Re: CHAT: Being taken for a furriner ...
From: | J. 'Mach' Wust <j_mach_wust@...> |
Date: | Tuesday, August 31, 2004, 13:11 |
On Tue, 31 Aug 2004 14:15:25 +0200, Andreas Johansson <andjo@...> wrote:
>Had a strange experience on the train this morning; I went to the train
>hostess to buy new tickets, and, of course, addressed her in Swedish. Yet,
>she replied in English, and continued to use it for a few more turns
>before switching over to Swedish in the face of me stubbornly sticking to
>the same. She spoke English with a clear Swedish accent, so I can only
>assume she thought I was a foreigner and tried to be helpful.
>
>I've been taken for a foreigner before, but that's always involved me
>speaking in a foreign language. Possibly, my recent one-year stay in
>Germany has left some mark on my Swedish, but the whole incident
>nonetheless seems somewhat extraordinary to me.
>
>Anyone else here experienced something similar?

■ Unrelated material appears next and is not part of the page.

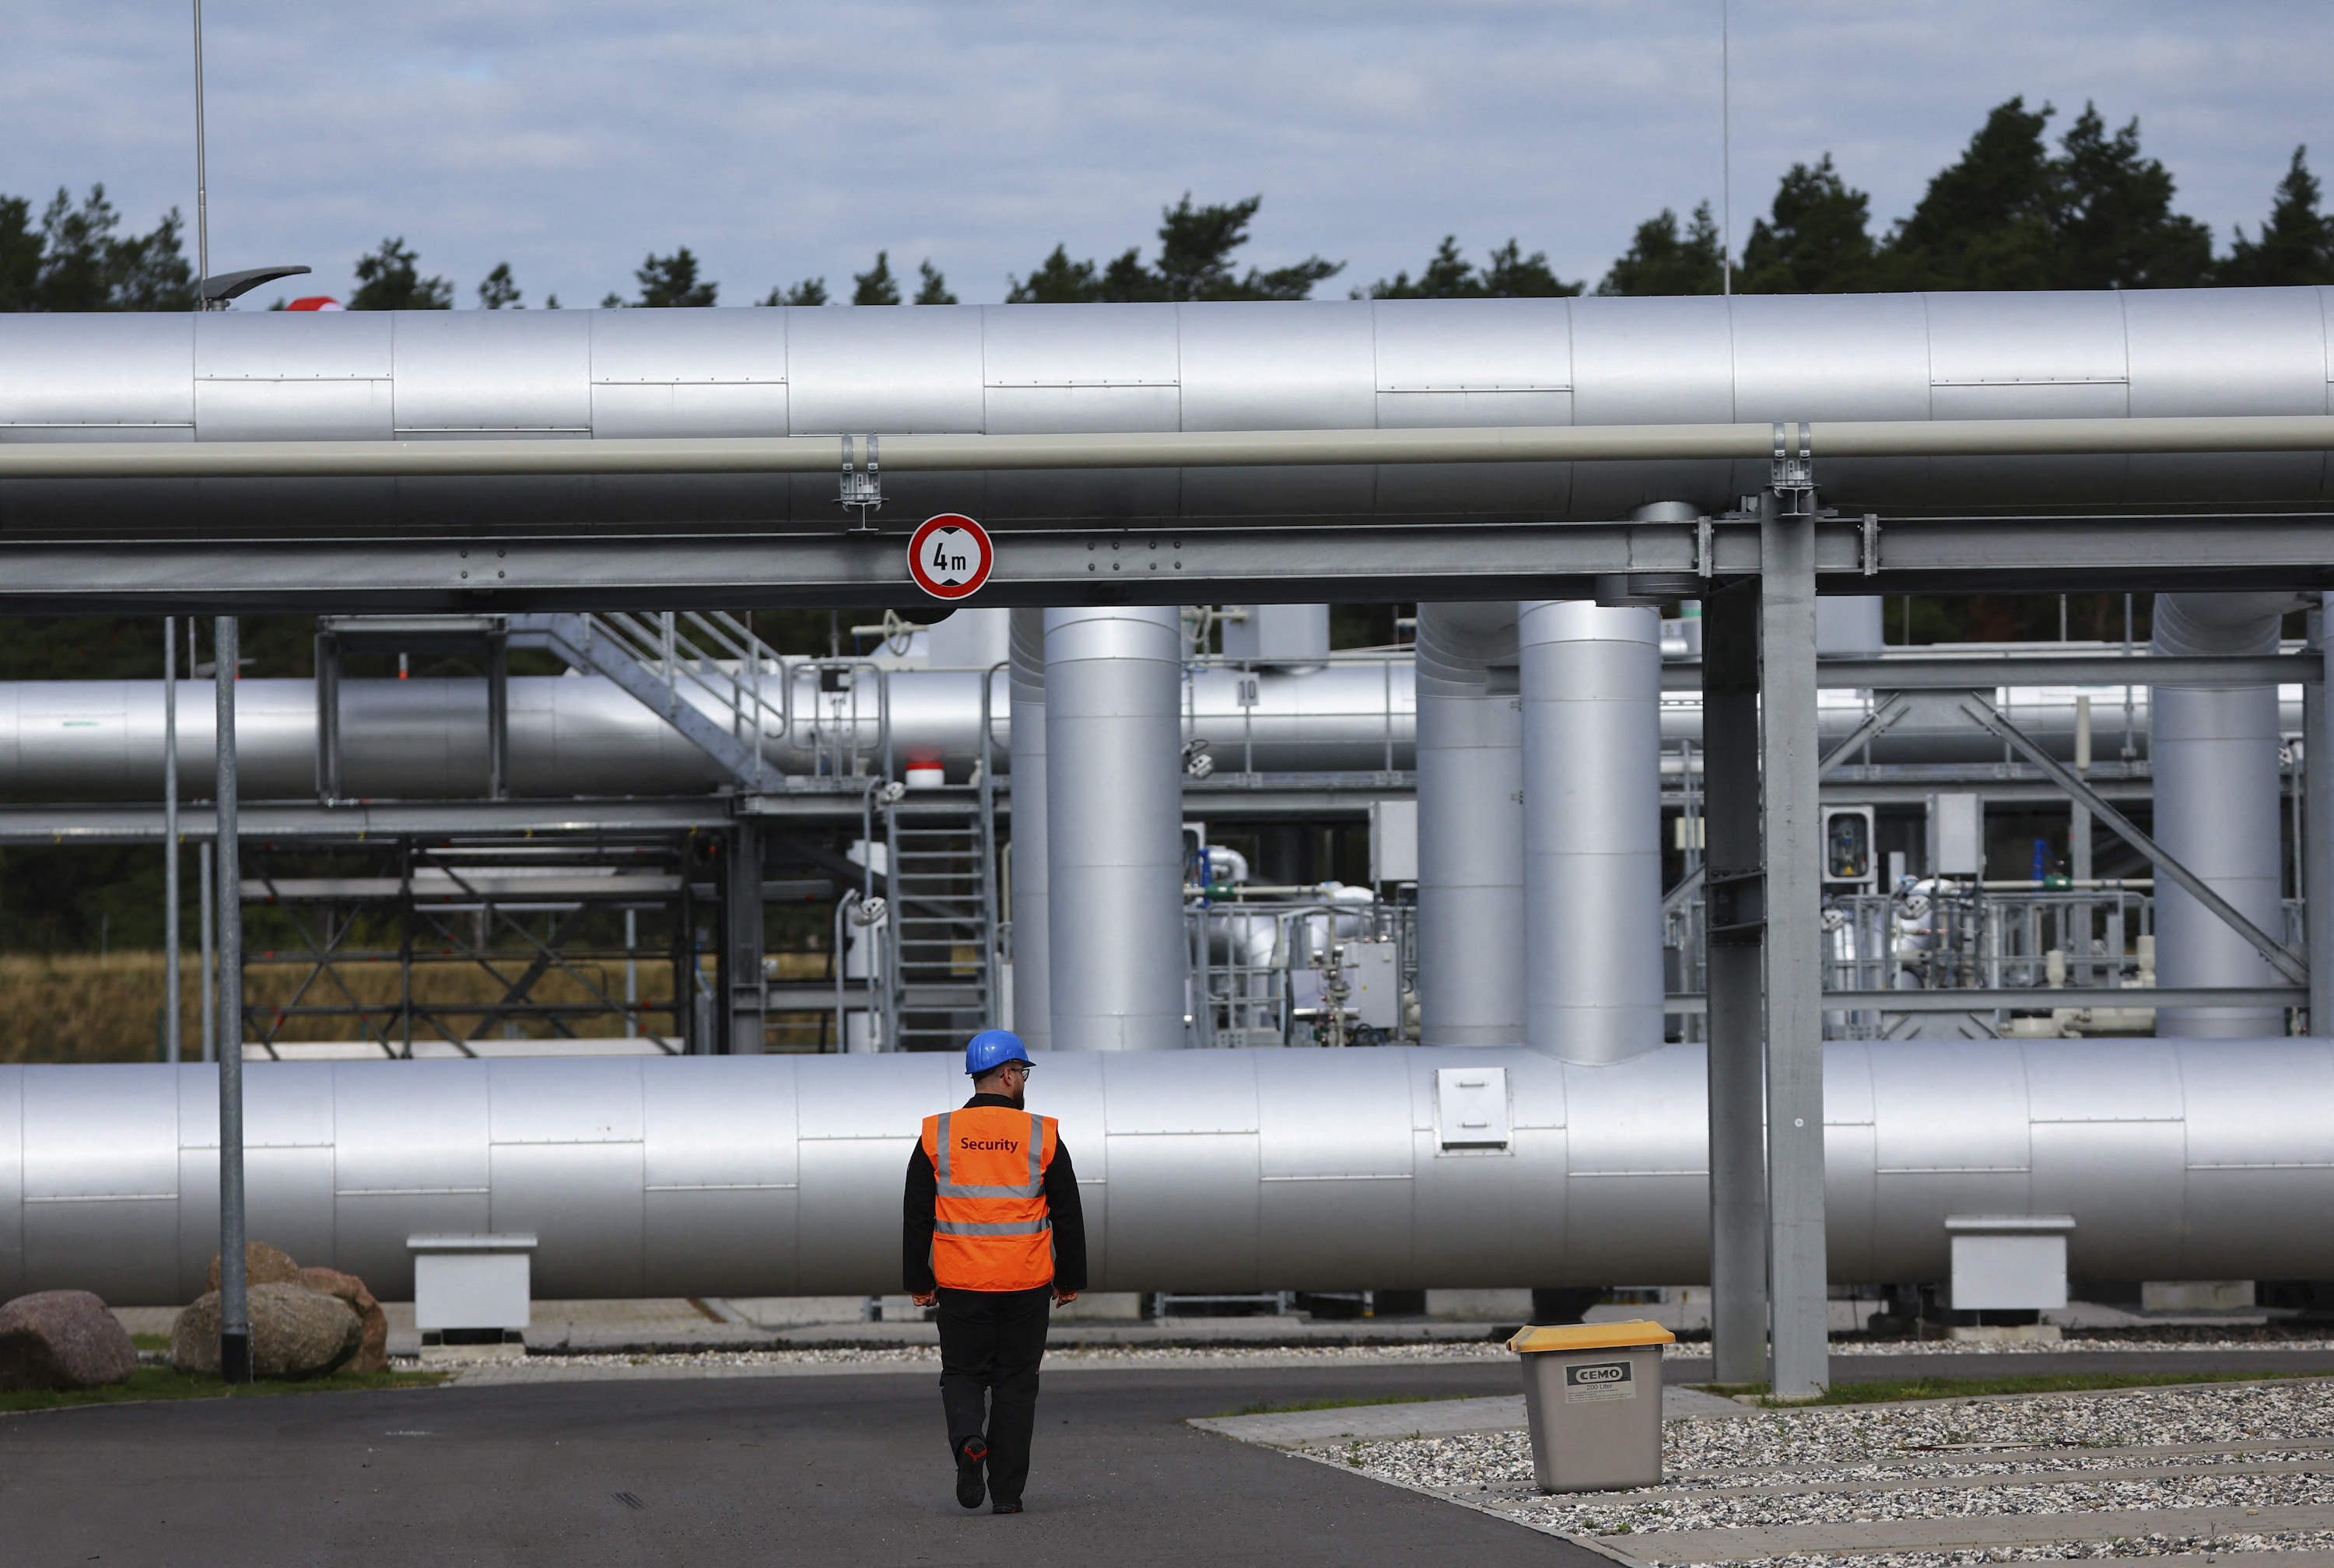 เจ้าหน้าที่รักษาความปลอดภัยเดินทัพหน้าโรงงานขึ้นฝั่งของท่อส่งน้ำ Nord Stream 2 ในเมืองลุบมิน ประเทศเยอรมนี เมื่อวันที่ 19 กันยายน

The Sunday before last Sunday I was cycling over a little pass (only about
1600m), and there was a place where local cheese was sold. I greeted the
woman there, an elderly farmer wife from the region, I suppose, in
(alemannic) dialect, and then looked over the different cheeses they had.
Since I was hesitating and asking something she appearently didn't
understand at once, she suddenly spoke to me in standard German, which is
very unusual in Switzerland. She must have thought I was from Germany
(alemannic dialects aren't understandable to non-alemannic Germans until
they get used to them which might take almost a week).